Exhibit 4.16
AMENDMENT NO. 3 AND WAIVER TO LOAN AND SECURITY AGREEMENT
AMENDMENT NO. 3 AND WAIVER TO LOAN AND SECURITY AGREEMENT (this "Amendment
No. 3"), dated as of December 29, 2005, by and among Handy & Xxxxxx, a New York
corporation ("Parent"), OMG, Inc., a Delaware corporation, ("OMG"), Continental
Industries, Inc., an Oklahoma corporation ("Continental"), Maryland Specialty
Wire, Inc., a Delaware corporation ("Maryland Wire"), Handy & Xxxxxx Tube
Company, Inc., a Delaware corporation ("H&H Tube"), Camdel Metals Corporation, a
Delaware corporation ("Camdel"), Xxxxxxxx Metal Coating Corporation, a Delaware
corporation ("Canfield"), Micro-Tube Fabricators, Inc., a Delaware corporation
("Micro-Tube"), Indiana Tube Corporation, a Delaware corporation ("Indiana
Tube"), Xxxxx-Xxxxxxxx, Inc., a Wisconsin corporation ("Xxxxx"), Handy & Xxxxxx
Electronic Materials Corporation, a Florida corporation ("H&H Electronic"),
Sumco Inc., an Indiana corporation ("Sumco" and together with Parent, OMG,
Continental, Maryland Wire, H&H Tube, Camdel, Xxxxxxxx, Micro-Tube, Indiana
Tube, Xxxxx and H&H Electronic, each individually, a "Borrower" and
collectively, "Borrowers"), Handy & Xxxxxx of Canada, Limited, an Ontario
corporation ("H&H Canada"), ele Corporation, a California corporation ("ele"),
Alloy Ring Service Inc., a Delaware corporation ("Alloy"), Xxxxxx Radiator
Corporation, a Texas corporation ("Xxxxxx"), H&H Productions, Inc., a Delaware
corporation ("H&H Productions"), Handy & Xxxxxx Automotive Group, Inc., a
Delaware corporation ("H&H Auto"), Handy & Xxxxxx International, Ltd., a
Delaware corporation ("H&H International"), Handy & Xxxxxx Peru, Inc., a
Delaware corporation ("H&H Peru"), KJ-VMI Realty, Inc., a Delaware corporation
("KVR"), Xxx-Xxxx Realty, Inc., a Delaware corporation ("Xxx-Xxxx"), Platina
Laboratories, Inc., a Delaware corporation ("Platina"), Sheffield Street
Corporation, a Connecticut corporation ("Sheffield"), SWM, Inc., a Delaware
corporation ("SWM") and Willing B Wire Corporation, a Delaware corporation
("Willing" and together with each of H&H Canada, ele, Alloy, Xxxxxx, H&H
Productions, H&H Auto, H&H International, H&H Peru, KVR, Xxx-Xxxx, Platina,
Sheffield and SWM, each individually, a "Guarantor" and collectively,
"Guarantors"), Steel Partners II, L.P., successor by assignment from Canpartners
Investments IV, LLC, in its capacity as agent pursuant to the Loan Agreement (as
hereinafter defined) acting for the financial institutions party thereto as
lenders (in such capacity, together with its successors and assigns, "Agent"),
and the financial institutions party thereto as lenders (collectively,
"Lenders"). Capitalized terms used herein which are not otherwise defined herein
shall have the respective meanings ascribed thereto in the Loan Agreement.
W I T N E S S E T H:
- - - - - - - - - -
WHEREAS, Agent, Lenders, Borrowers and Guarantors have entered into
financing arrangements pursuant to which Lenders (or Agent on behalf of Lenders)

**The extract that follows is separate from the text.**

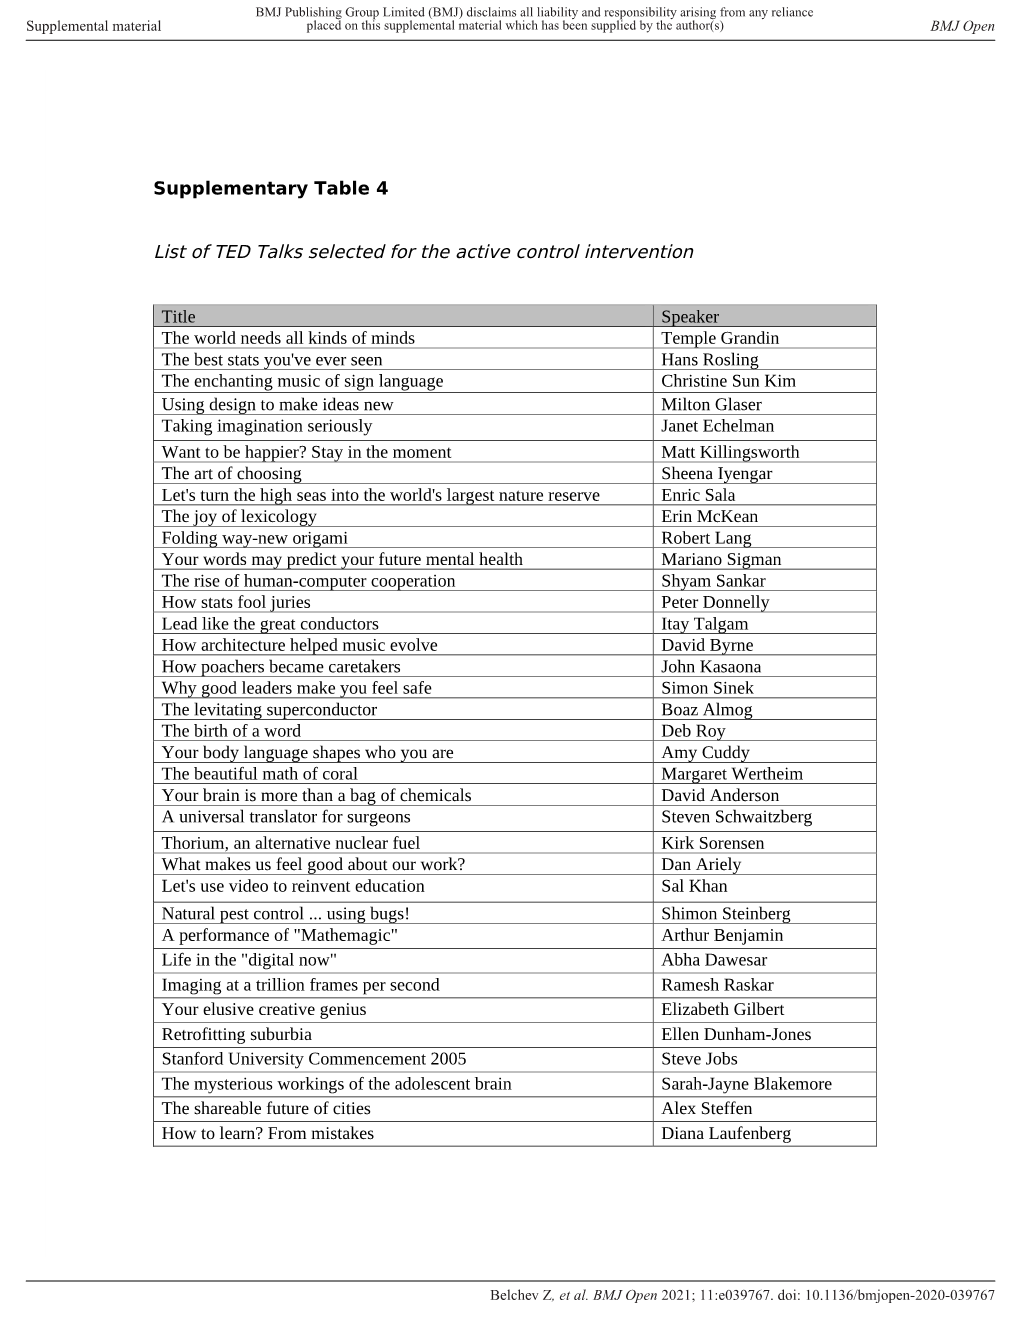 Supplementary Table 4 List of TED Talks Selected for the Active Control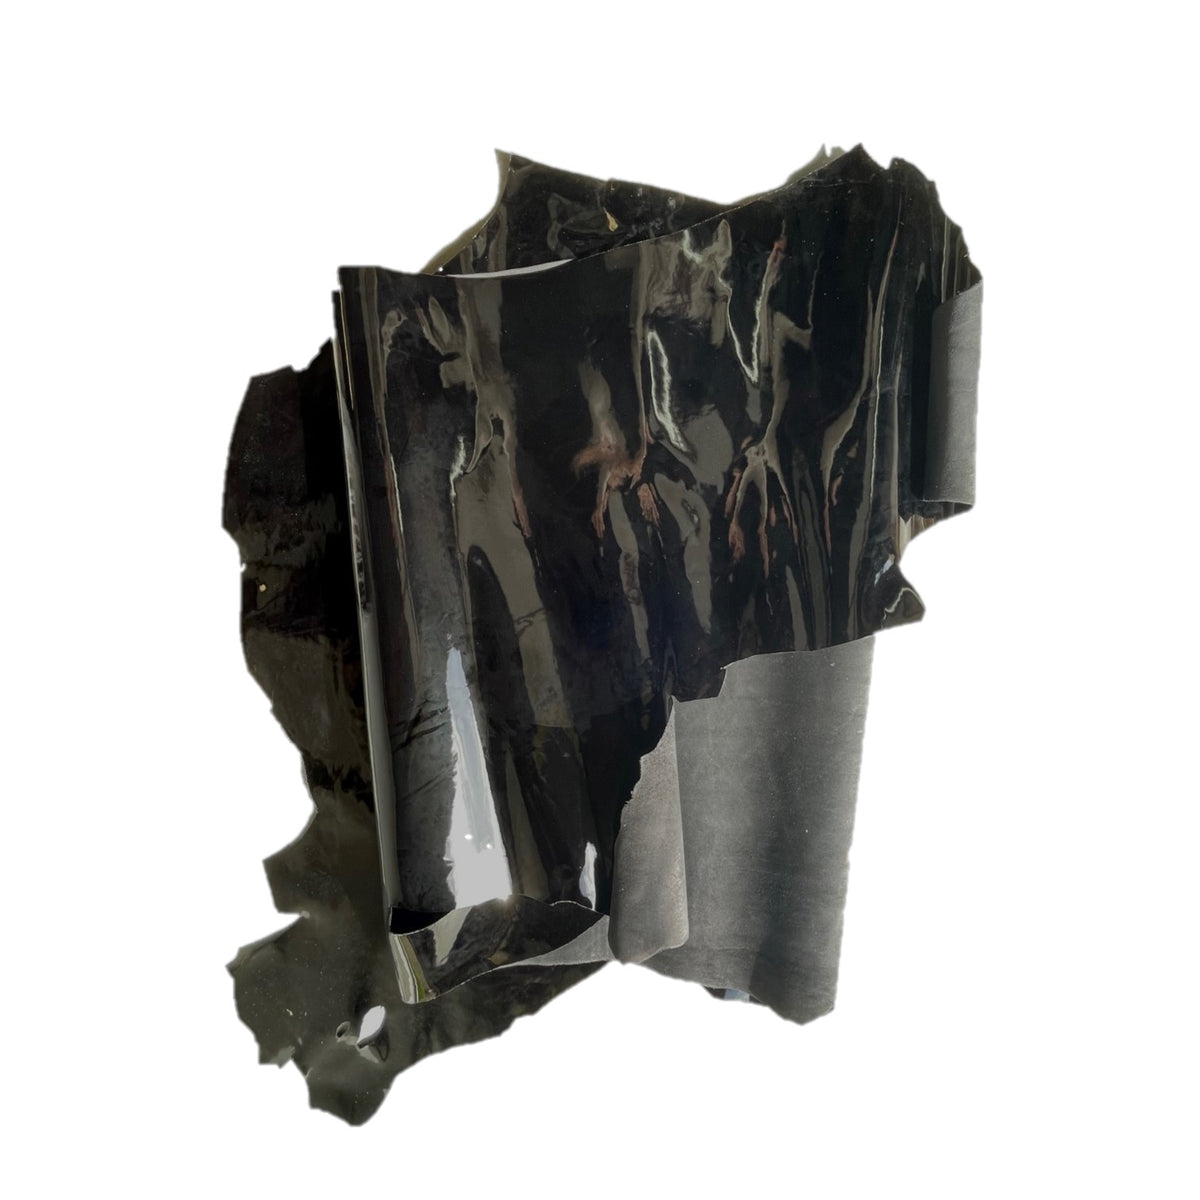 Patent Black Cow Side | 1.2mm | 23 sq.ft | from $300 ea.

have made and may make loans and advances and provide other financial
accommodations to Borrowers as set forth in the Loan and Security Agreement,
dated as of March 31, 2004, by and among Agent, successor by assignment to Steel
Partners II, L.P., Lenders, Borrowers and Guarantors (as amended by Amendment
No. 1 to Loan and Security Agreement, dated as of October 29, 2004, Amendment
No. 2 to Loan and Security Agreement, dated as of May 20, 2005, and as the same
may hereafter be further amended, modified, supplemented, extended, renewed,
restated or replaced, the "Loan Agreement"), and the other agreements, documents
and instruments referred to therein or at any time executed and/or delivered in
connection therewith or related thereto (all of the foregoing, together with the
Loan Agreement, as the same now exist or may hereafter be amended, modified,
supplemented, extended, renewed, restated or replaced, being collectively
referred to herein as the "Financing Agreements");
WHEREAS, upon the effective date of this Amendment No. 3 and Waiver to Loan
and Security Agreement, Lender shall extend an additional $10,000,000 to
Borrowers and Guarantors;
WHEREAS, Borrowers and Guarantors have requested that Agent and Lenders
agree to (a) waive certain defaults under the Loan Agreement and (b) make
certain related amendments to the Loan Agreement, and Agent and Lenders are
willing to agree to such amendments and to grant such waivers, subject to the
terms and conditions contained herein; and
WHEREAS, by this Amendment Xx. 0, Xxxxxxxxx, Xxxxxxxxxx, Agent and Lenders
desire and intend to evidence such consents and amendments;
NOW THEREFORE, in consideration of the foregoing, and the respective
agreements and covenants contained herein, the parties hereto agree as follows:
1. AMENDMENT TO DEFINITION. The definition of "Maximum Credit" in Section
1.73 of the Loan Agreement is hereby amended by deleting $71,000,000 and
replacing it with $81,000,000. In addition, all other references in the Loan and
Security Agreement to $71,000,000 shall be changed to $81,000,000.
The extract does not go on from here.